Task description:
Copy the records below exactly, from the line containing "George Nelson vertical" through the last line, and leave out every picture.

-- Records supplied follows --

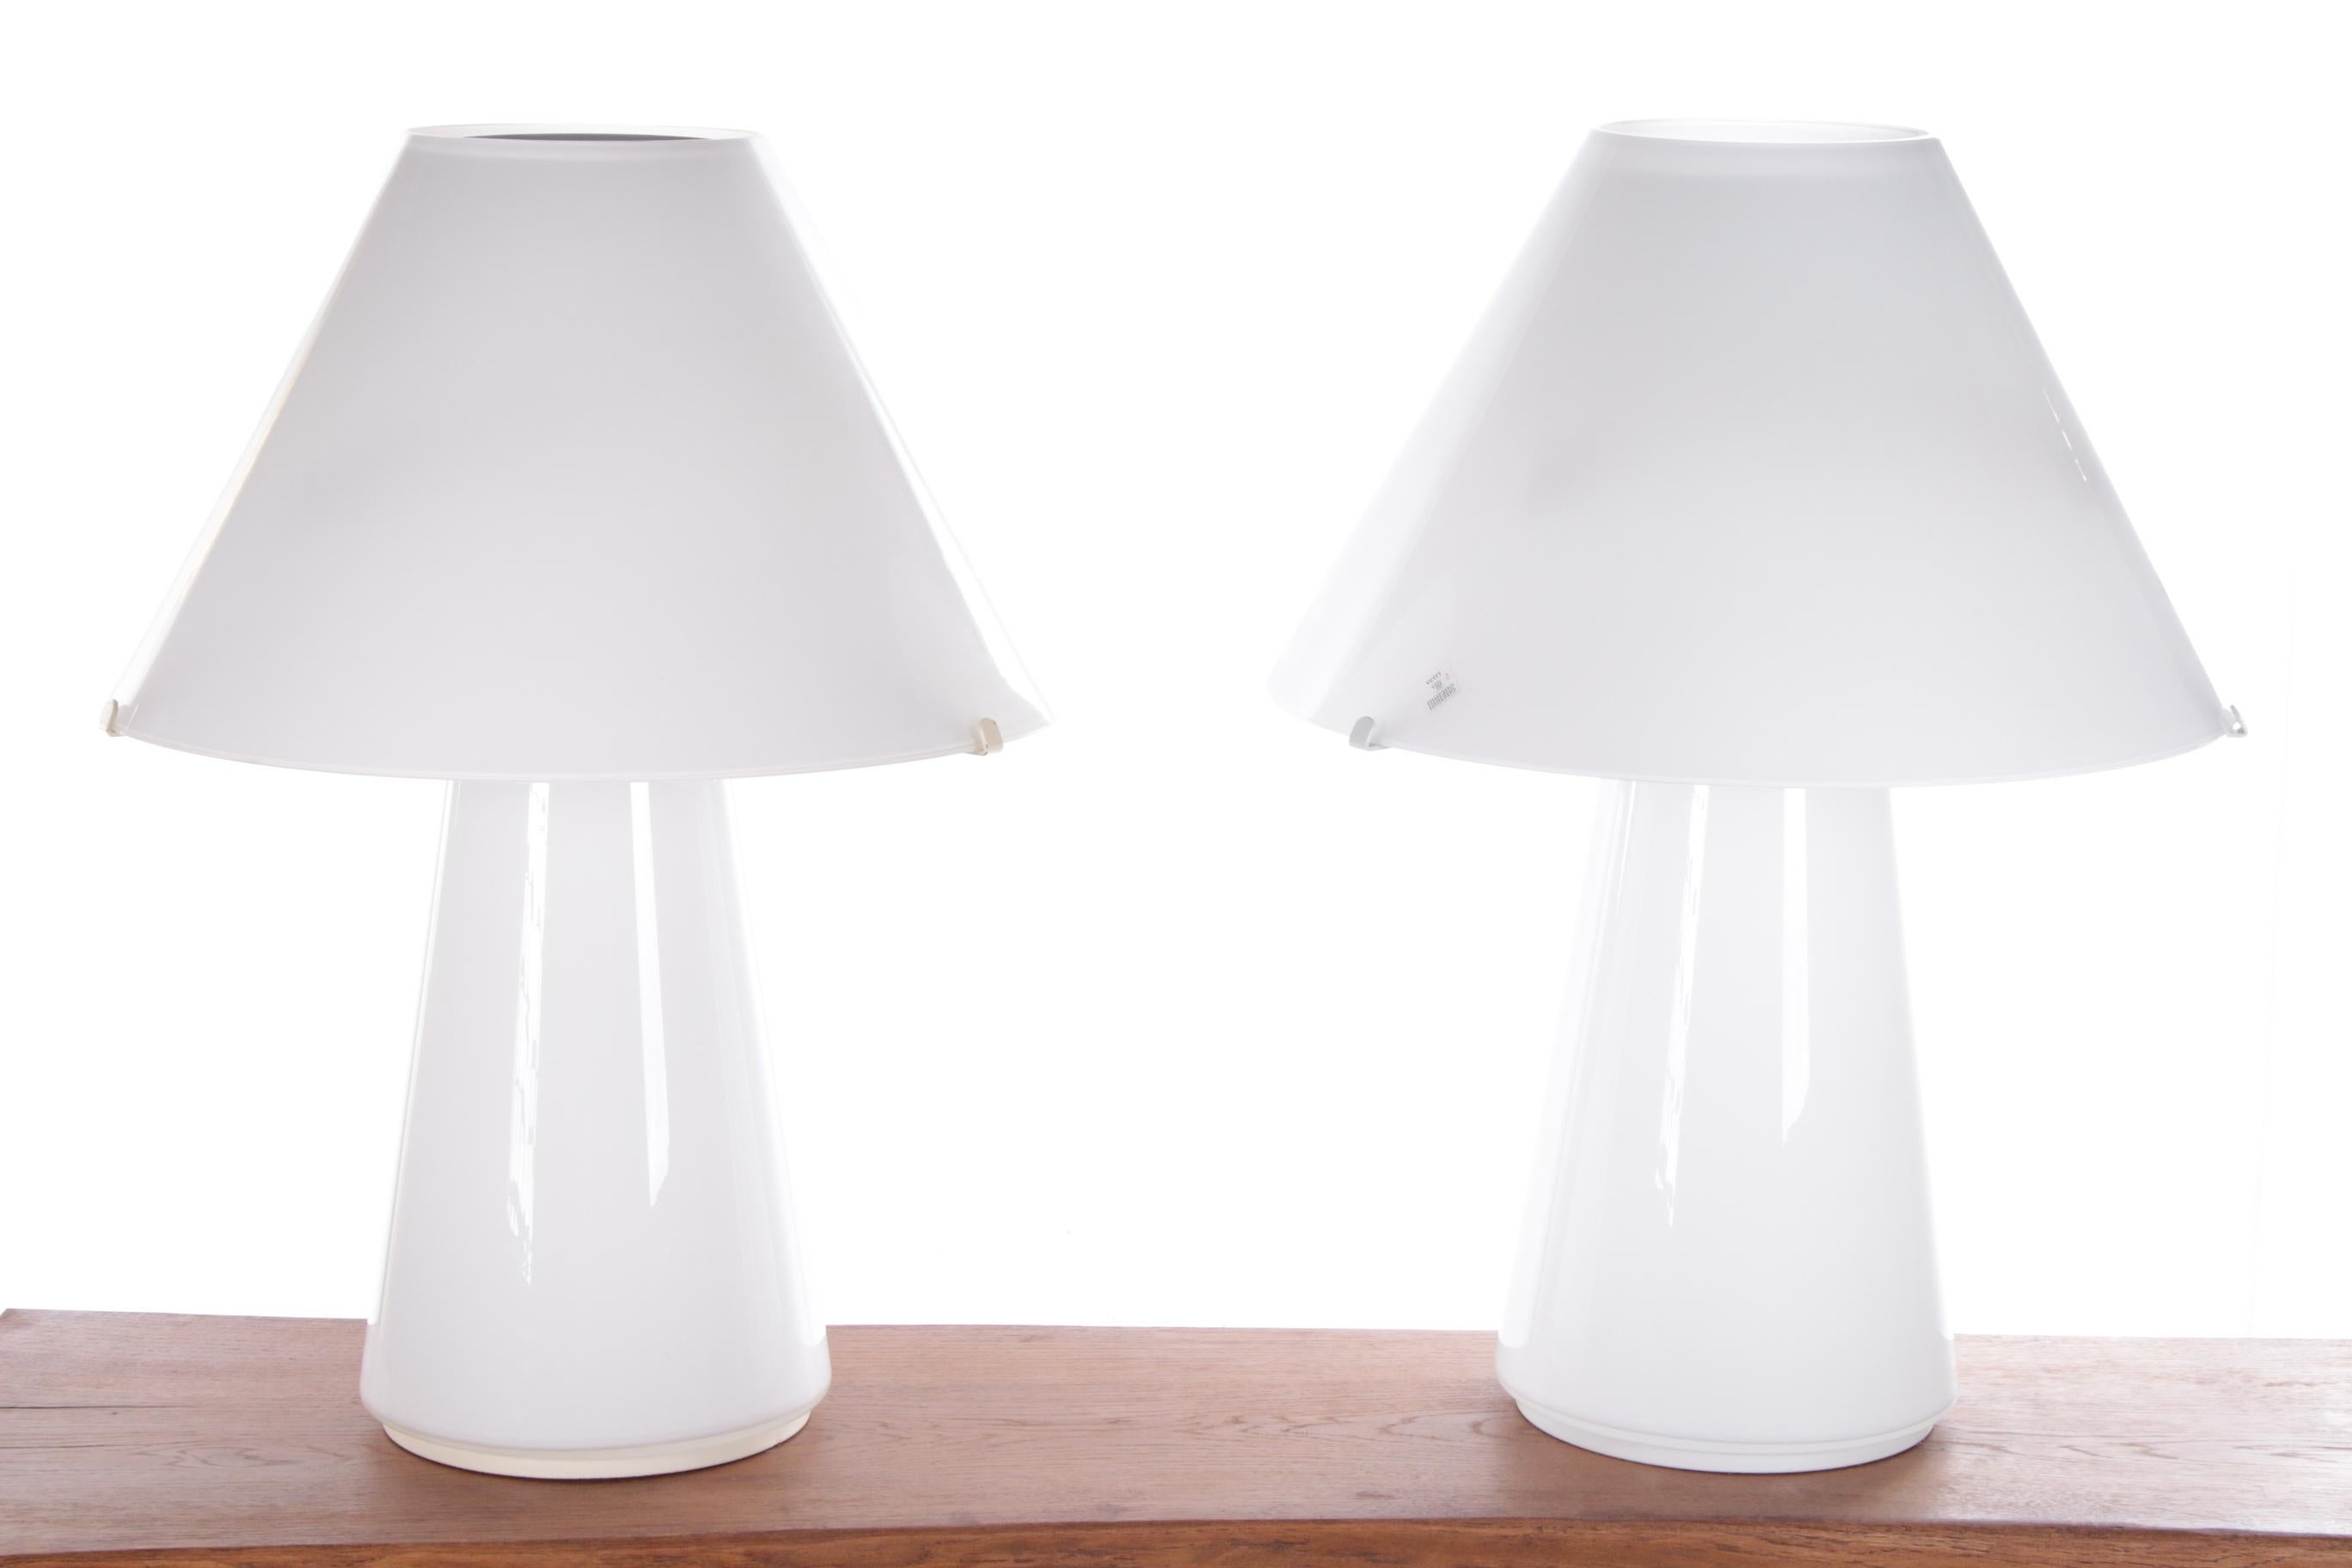 This beautiful set of Murano Mushroom lamps are original, designed and made by Gianni Seguso in 1970.

This elegant set of lamps is an eye-catcher in the room. Beautiful on a sideboard in the living room.

The designer lamps are in perfect
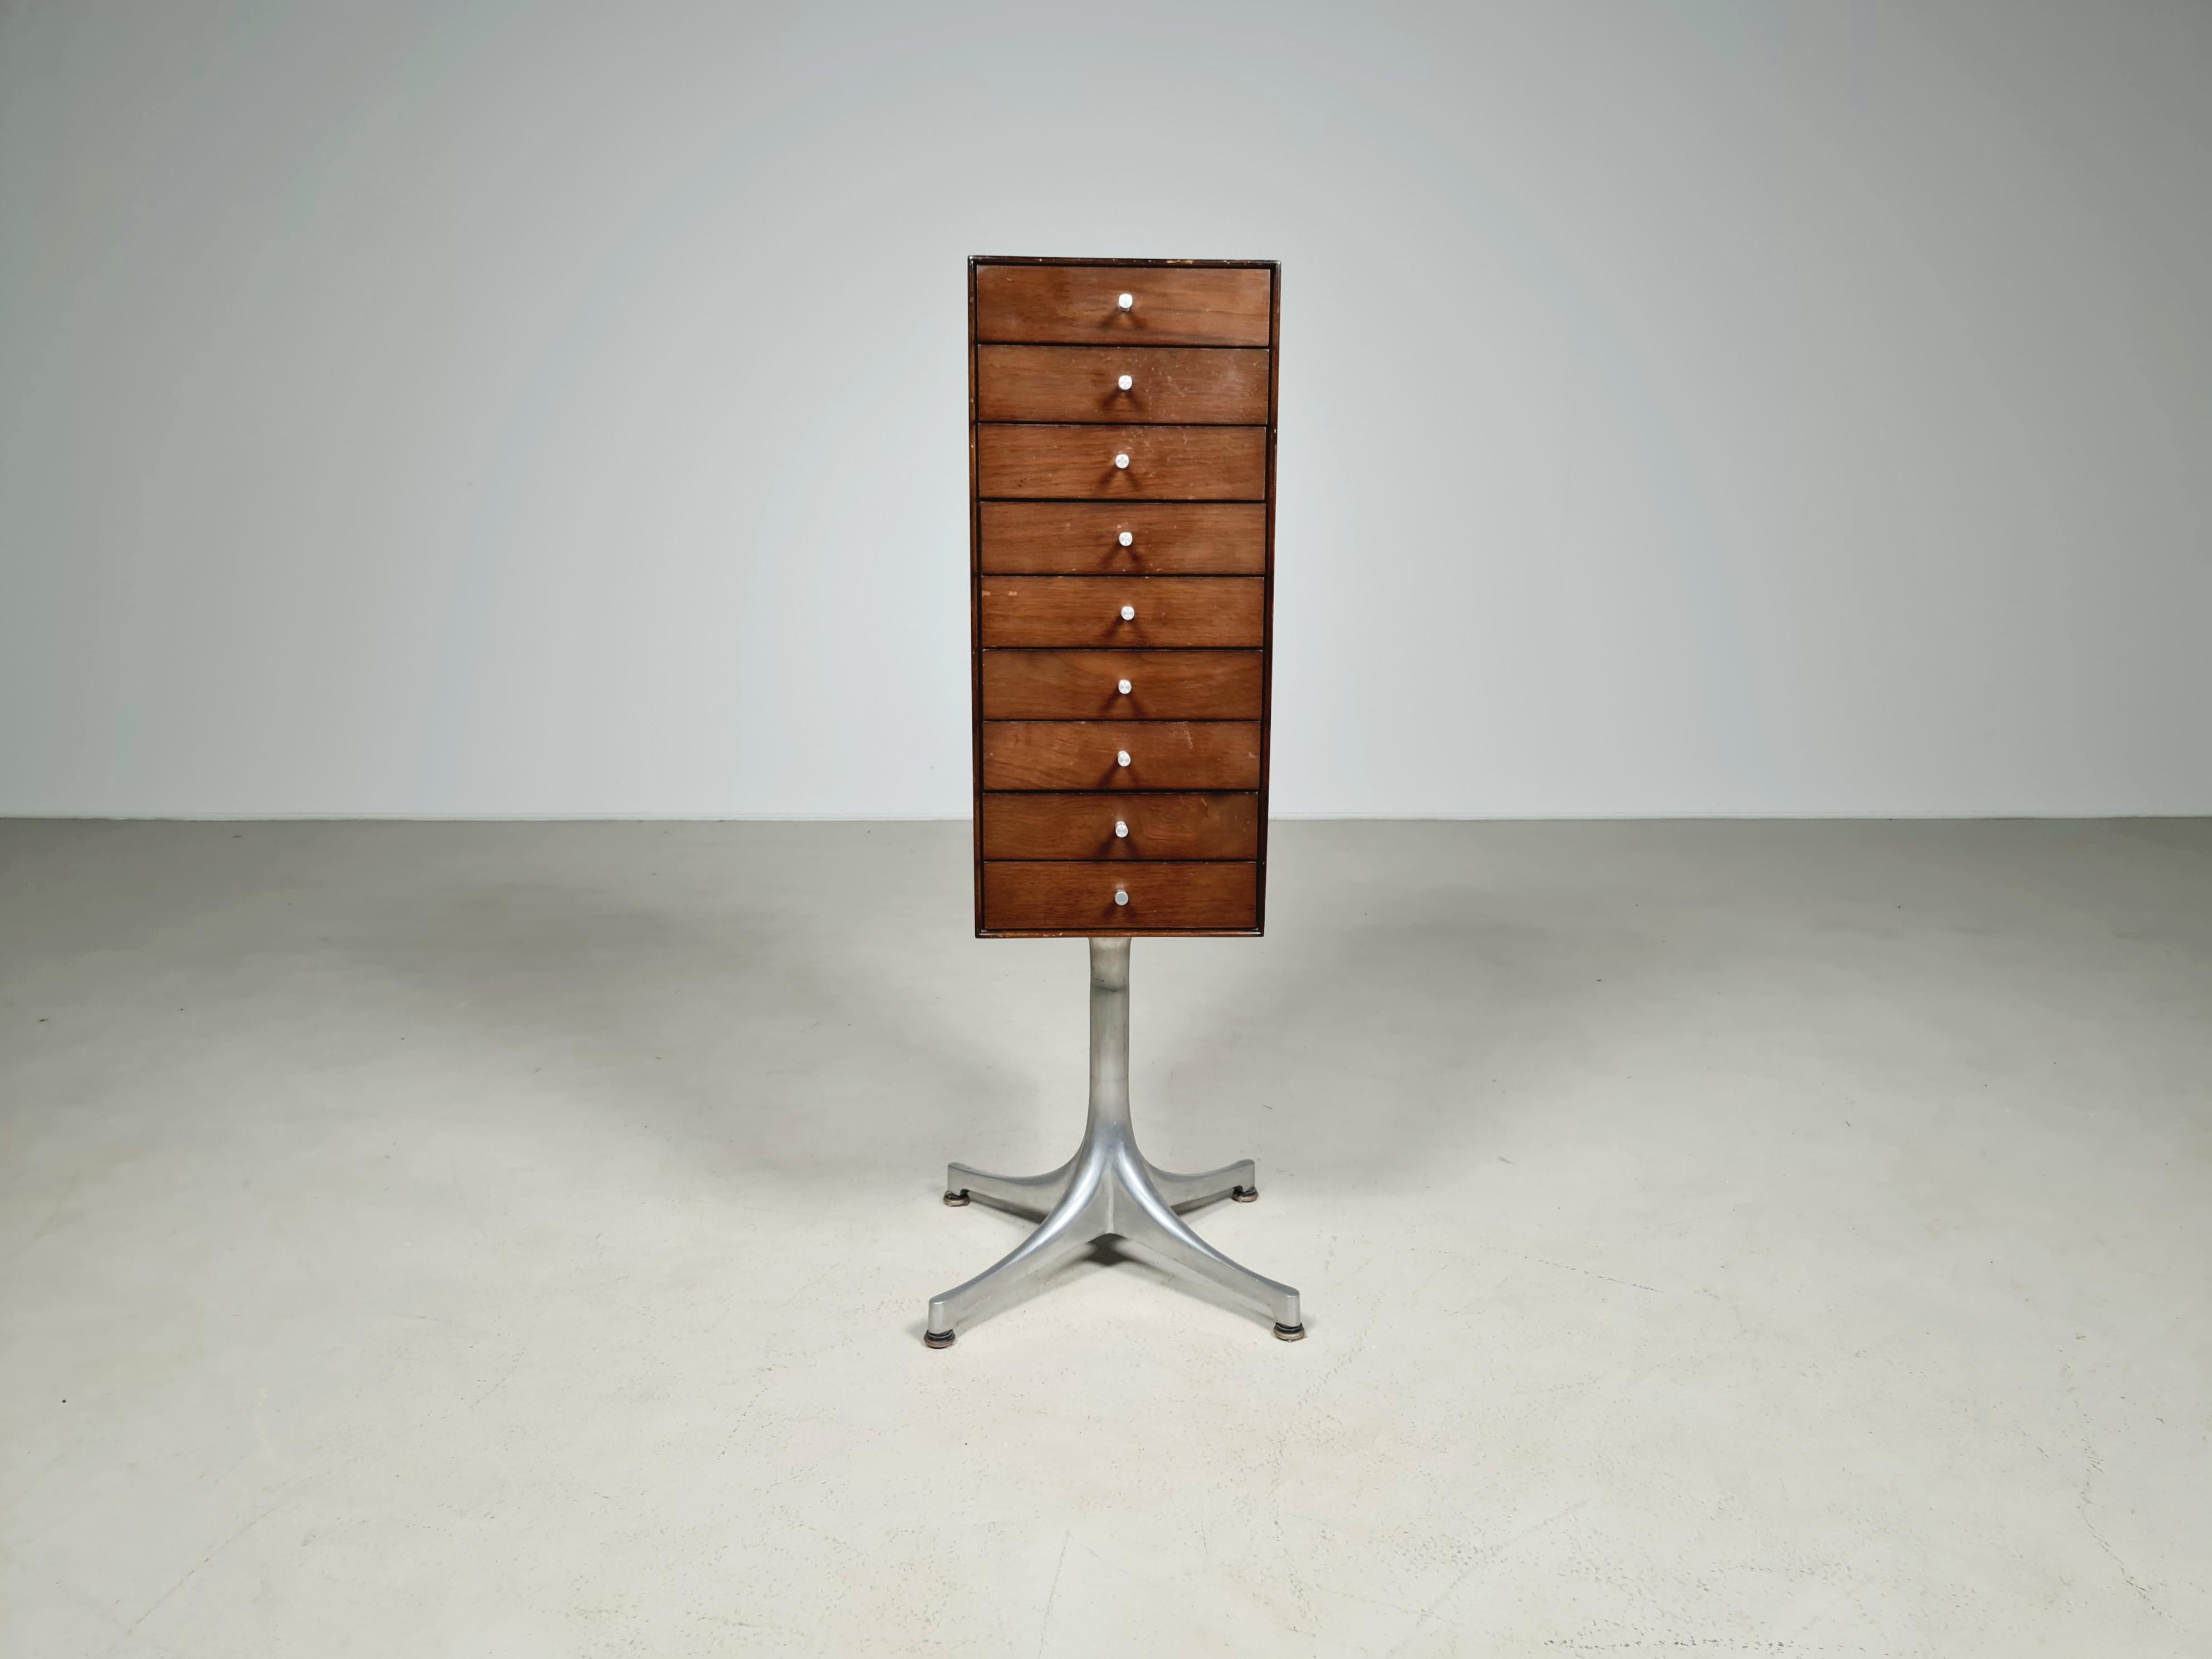 George Nelson vertical chest of drawers/jewelry cabinet for Herman Miller model 5517.
The walnut wood miniature chest, inspired by Japanese design, provides lots of wonderful spaces to keep little things. Made with hand-fitted drawers, Cast

-- Records supplied concluded --

Result for this exercise:
 George Nelson vertical chest of drawers/jewelry cabinet for Herman Miller model 5517.
The walnut wood miniature chest, inspired by Japanese design, provides lots of wonderful spaces to keep little things. Made with hand-fitted drawers, Cast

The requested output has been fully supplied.